Spring is lively in the woods surrounding HHMI’s Janelia Farm Research Campus in Ashburn, Virginia. White-tailed deer rustle fallen leaves, pileated woodpeckers drum persistently overhead, and gray tree frogs trill in the treetops. But on one cloudy May afternoon, the sounds of nature are muffled by the cries of discovery. “Hey, Larry,” comes the call, “I found something!”

A team of more than 20 explorers—Janelia Farm employees and their nature-loving recruits—are combing the terrain: rolling aside logs, prodding leaf piles, and gently displacing stones. The reptiles and amphibians they seek out do little to announce themselves, but this is an observant group, and the finds come quickly.

“Hey, Larry, is this another worm snake?” someone asks as an energetic wriggle of pink and gray catches his eye. “It’s amazing what you find if you just flip things over.” Another participant announces he’s found a frog—a pickerel, he guesses, judging by the spotty skin. Moments later, a salamander sighting evokes a flurry of activity as a group peers into the stream waiting for its yellow tail to reappear.
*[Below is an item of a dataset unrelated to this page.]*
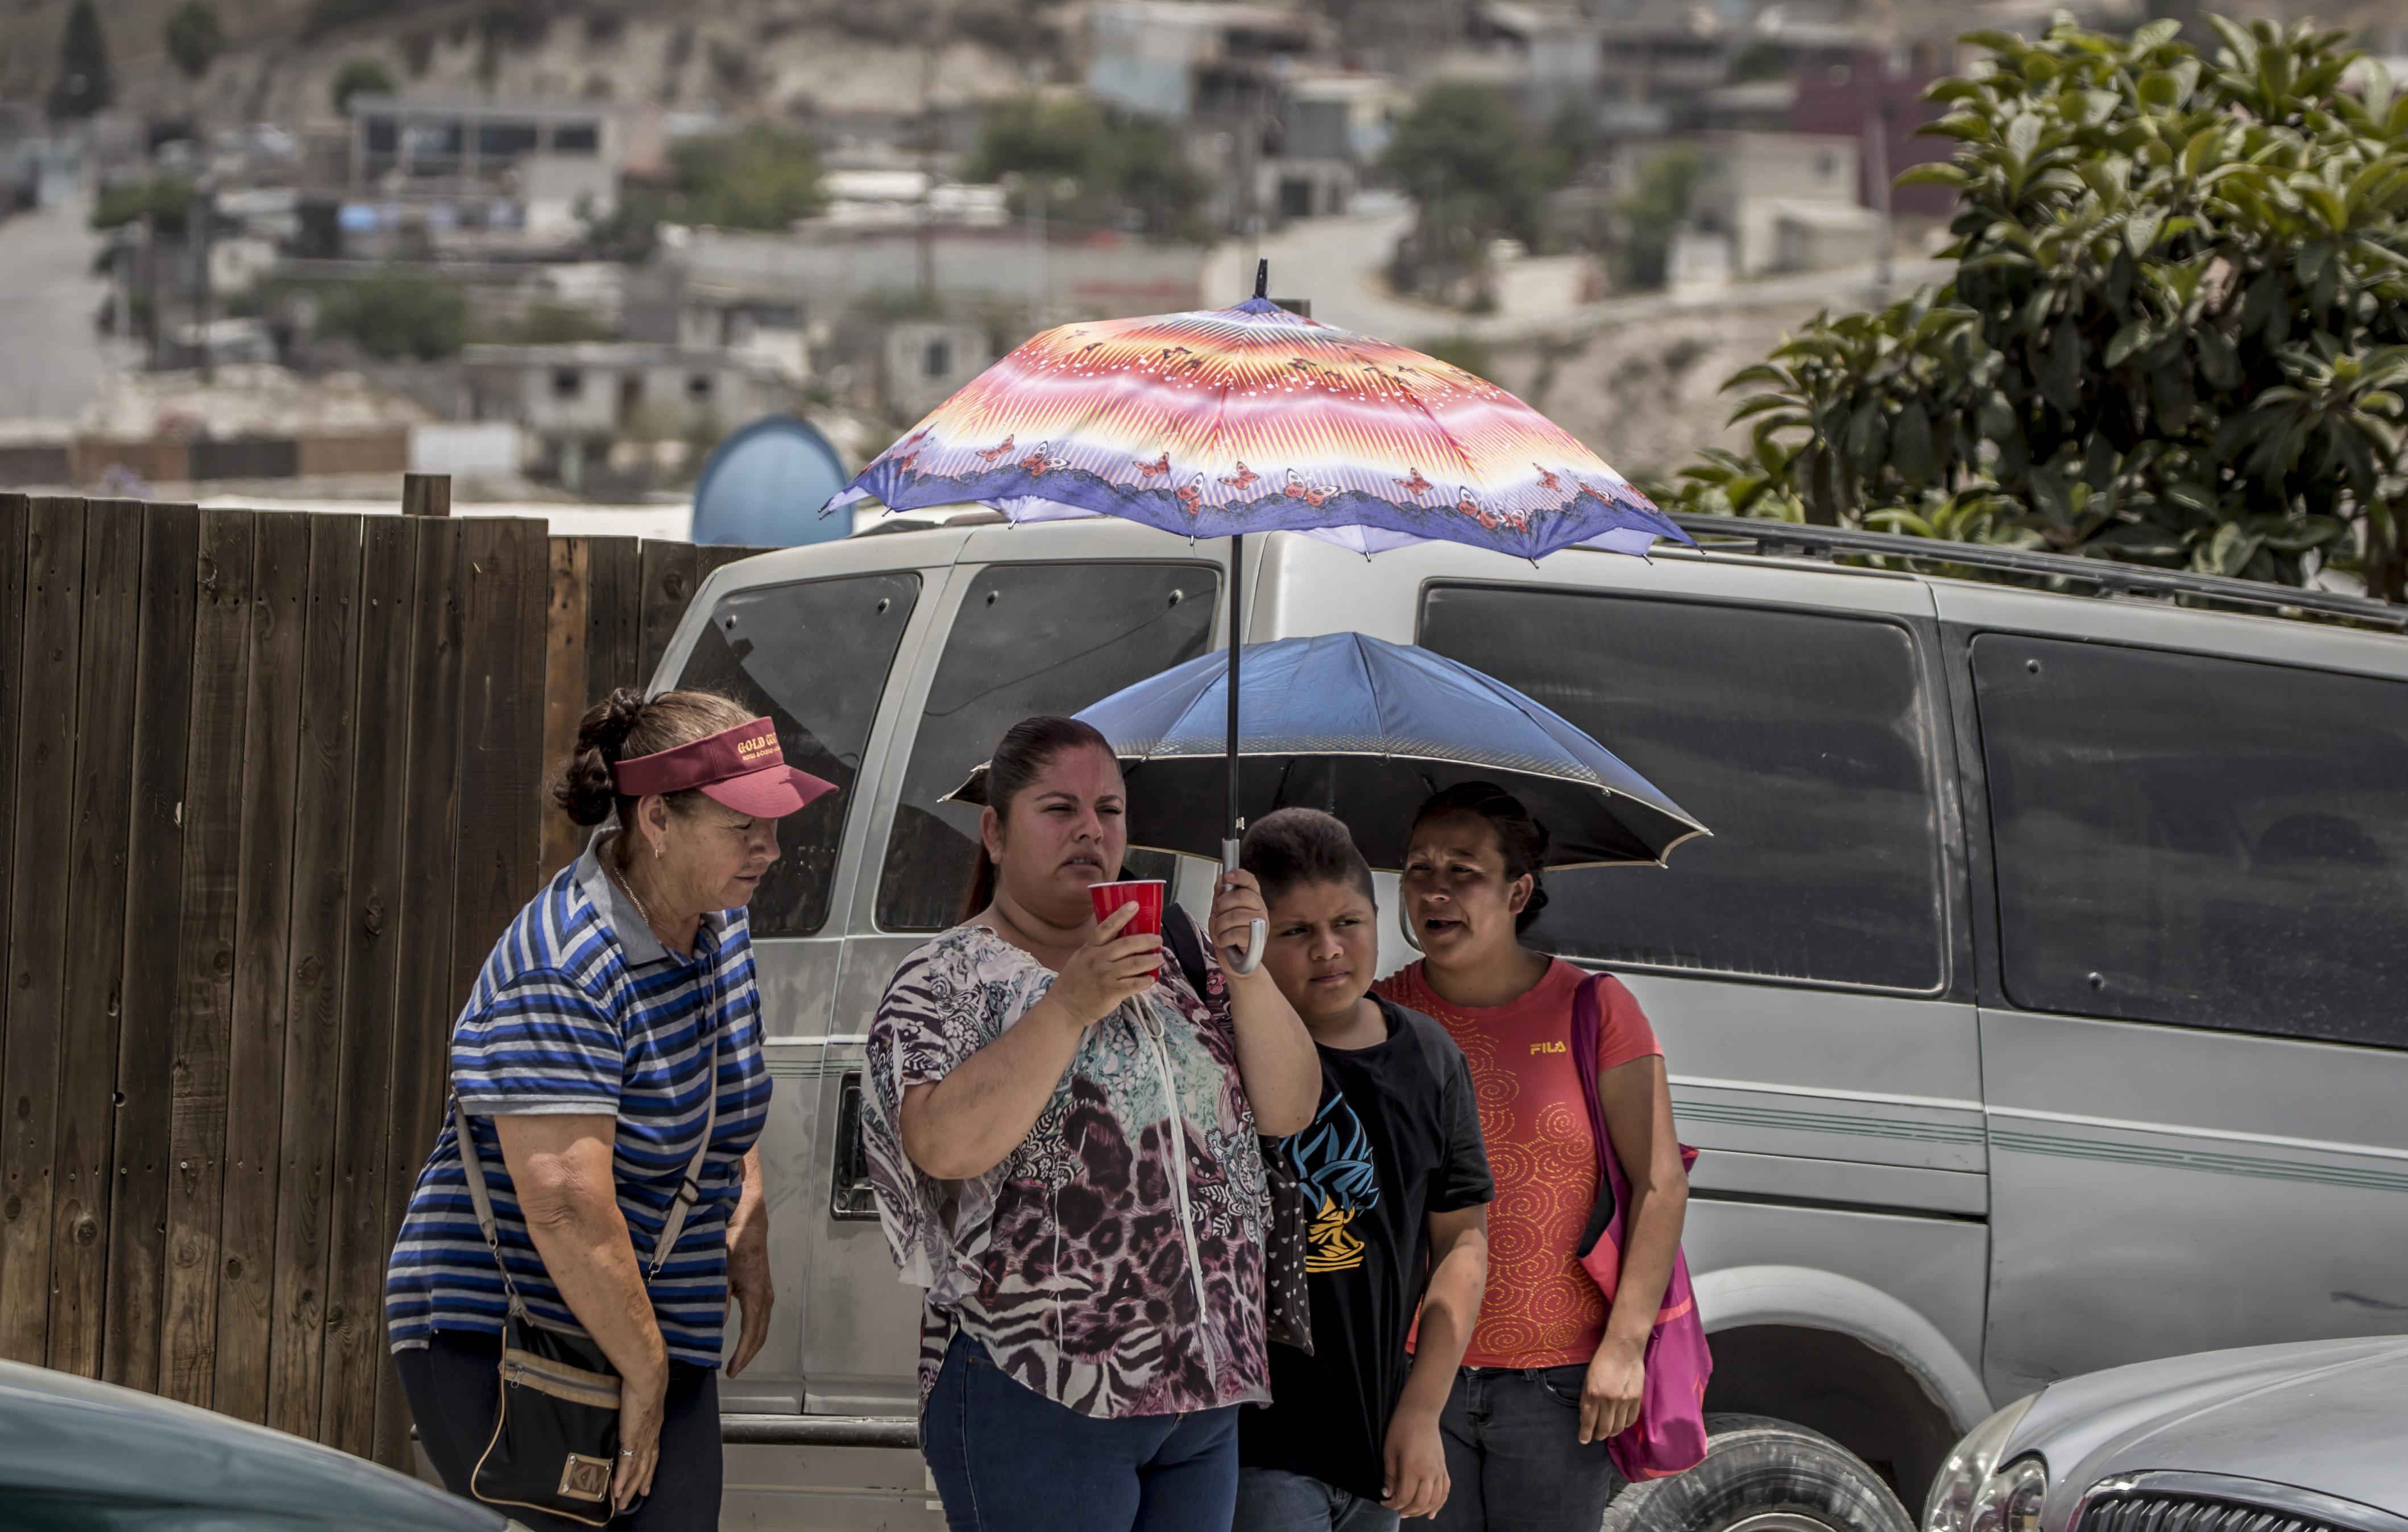 Mujeres en Tijuana usan sombrillas para protegerse del intenso
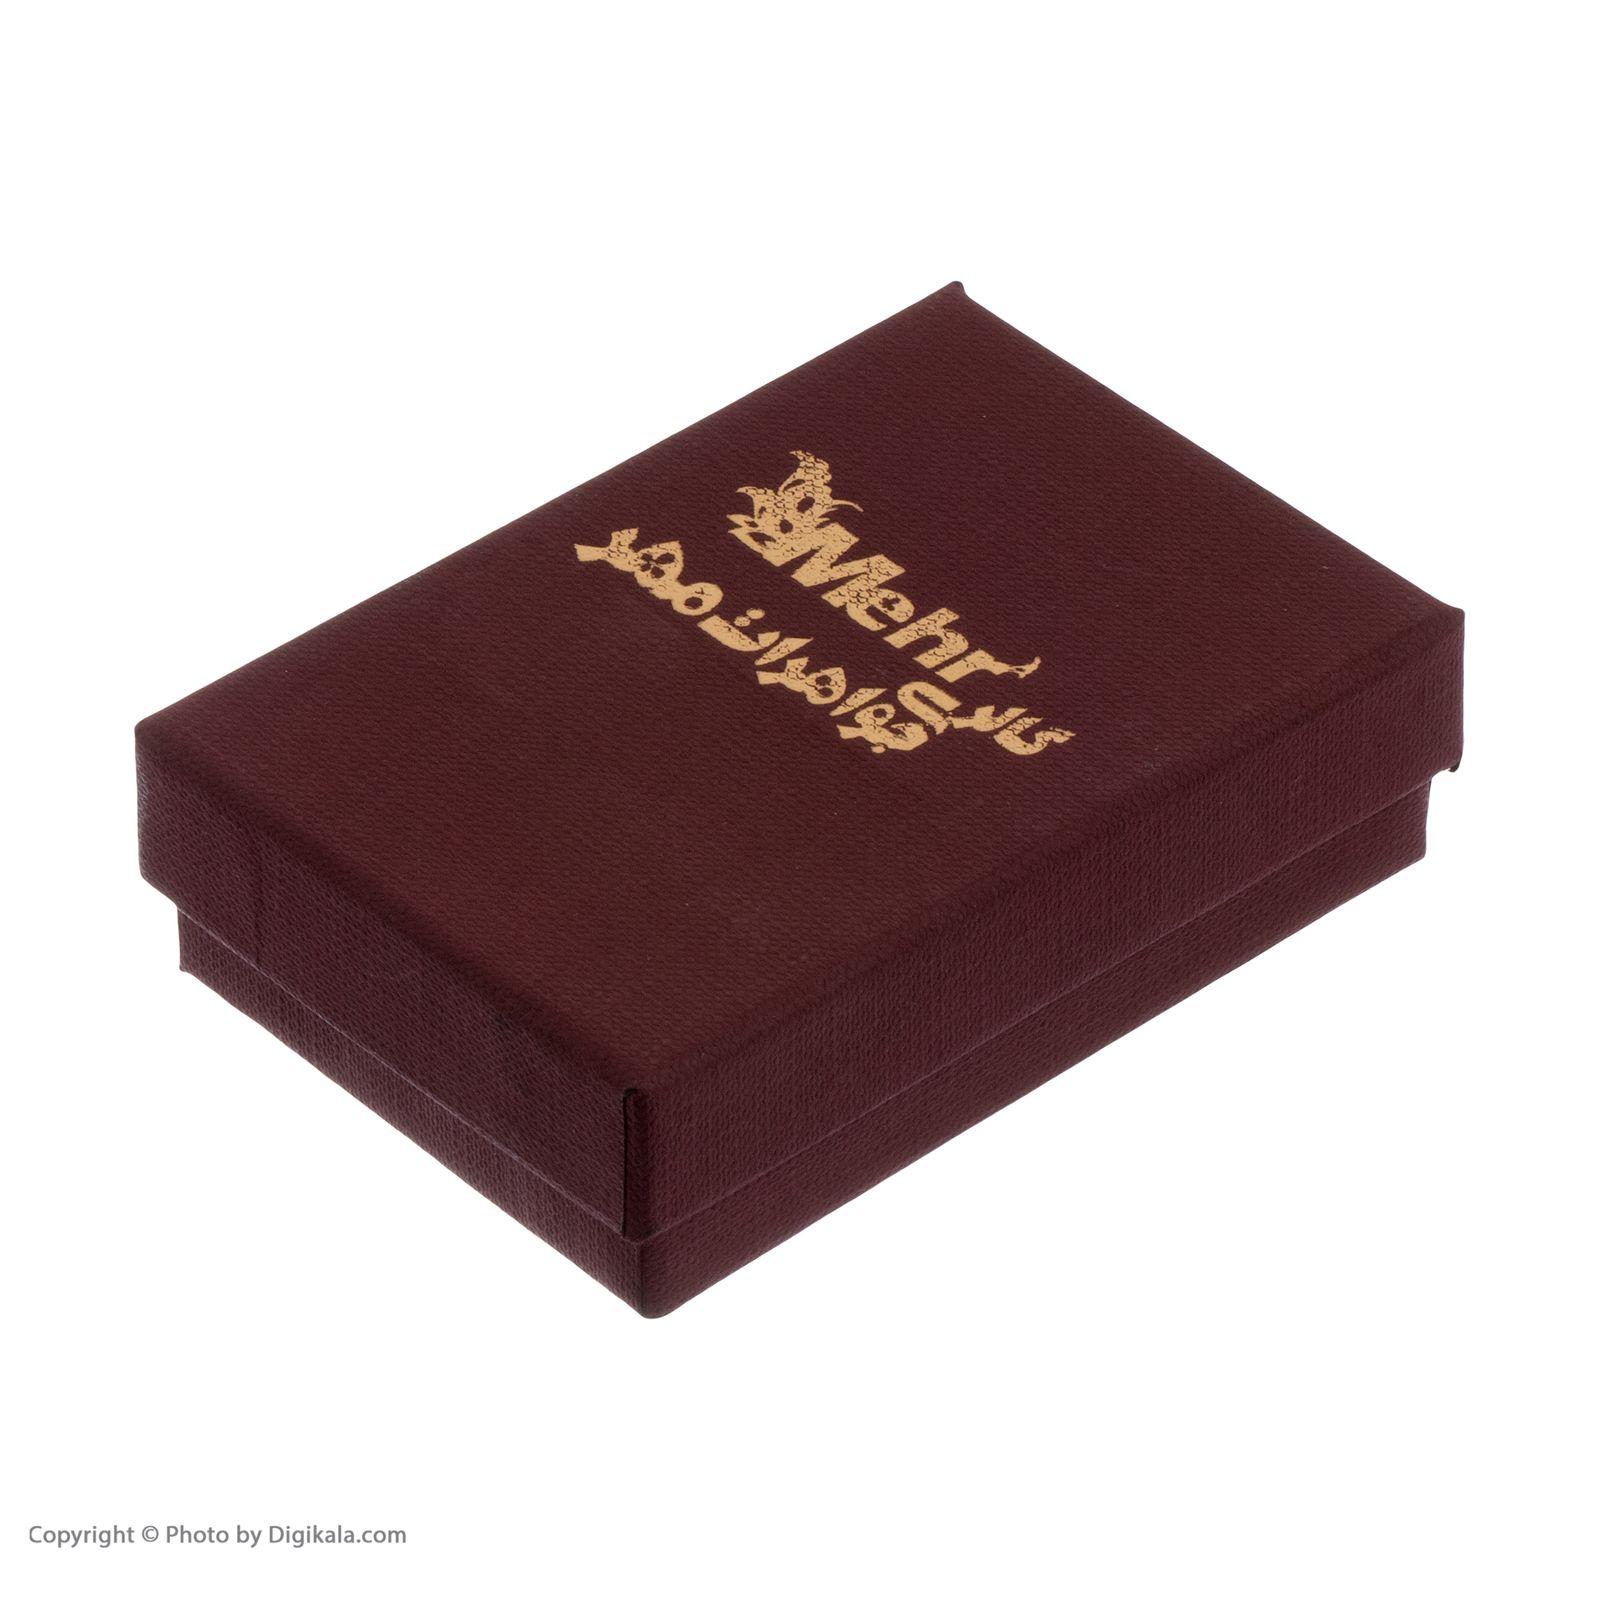 انگشتر طلا 18 عیار زنانه مایا ماهک مدل MR0378 -  - 6

Larry Mendoza, Janelia Farm’s biosafety and laser safety officer, scurries to each find. Mendoza is president of the Virginia Herpetological Society and a co-founder of Janelia’s Nature Club, through which he has gathered this crew for the second in a series of herpetological surveys of the Janelia Farm grounds.

Reptiles and amphibians are particularly sensitive to environmental pressures, so monitoring the snakes, lizards, frogs, salamanders, and turtles that inhabit this land helps reveal the health of the local ecosystem, Mendoza explains. As future surveyors begin to track population changes over time, the data will become even more valuable. Just as important, adds Mendoza, is ensuring the event is educational and fun.

Many of the scientists on the excursion have come recently to Janelia Farm and want to learn more about the local ecology. “We had very few reptiles of any kind in Seattle,” observes Matthew Iadanza, a member of Tamir Gonen’s structural biology lab, which relocated from the University of Washington last year. Others are here hoping to foster their children’s curiosity, and some of the day’s best finds—a slender water snake, an unusually vibrant box turtle—come from the group’s youngest naturalists. “I walked right by that turtle,” Mendoza says. “That’s why you’ve always got to bring kids!”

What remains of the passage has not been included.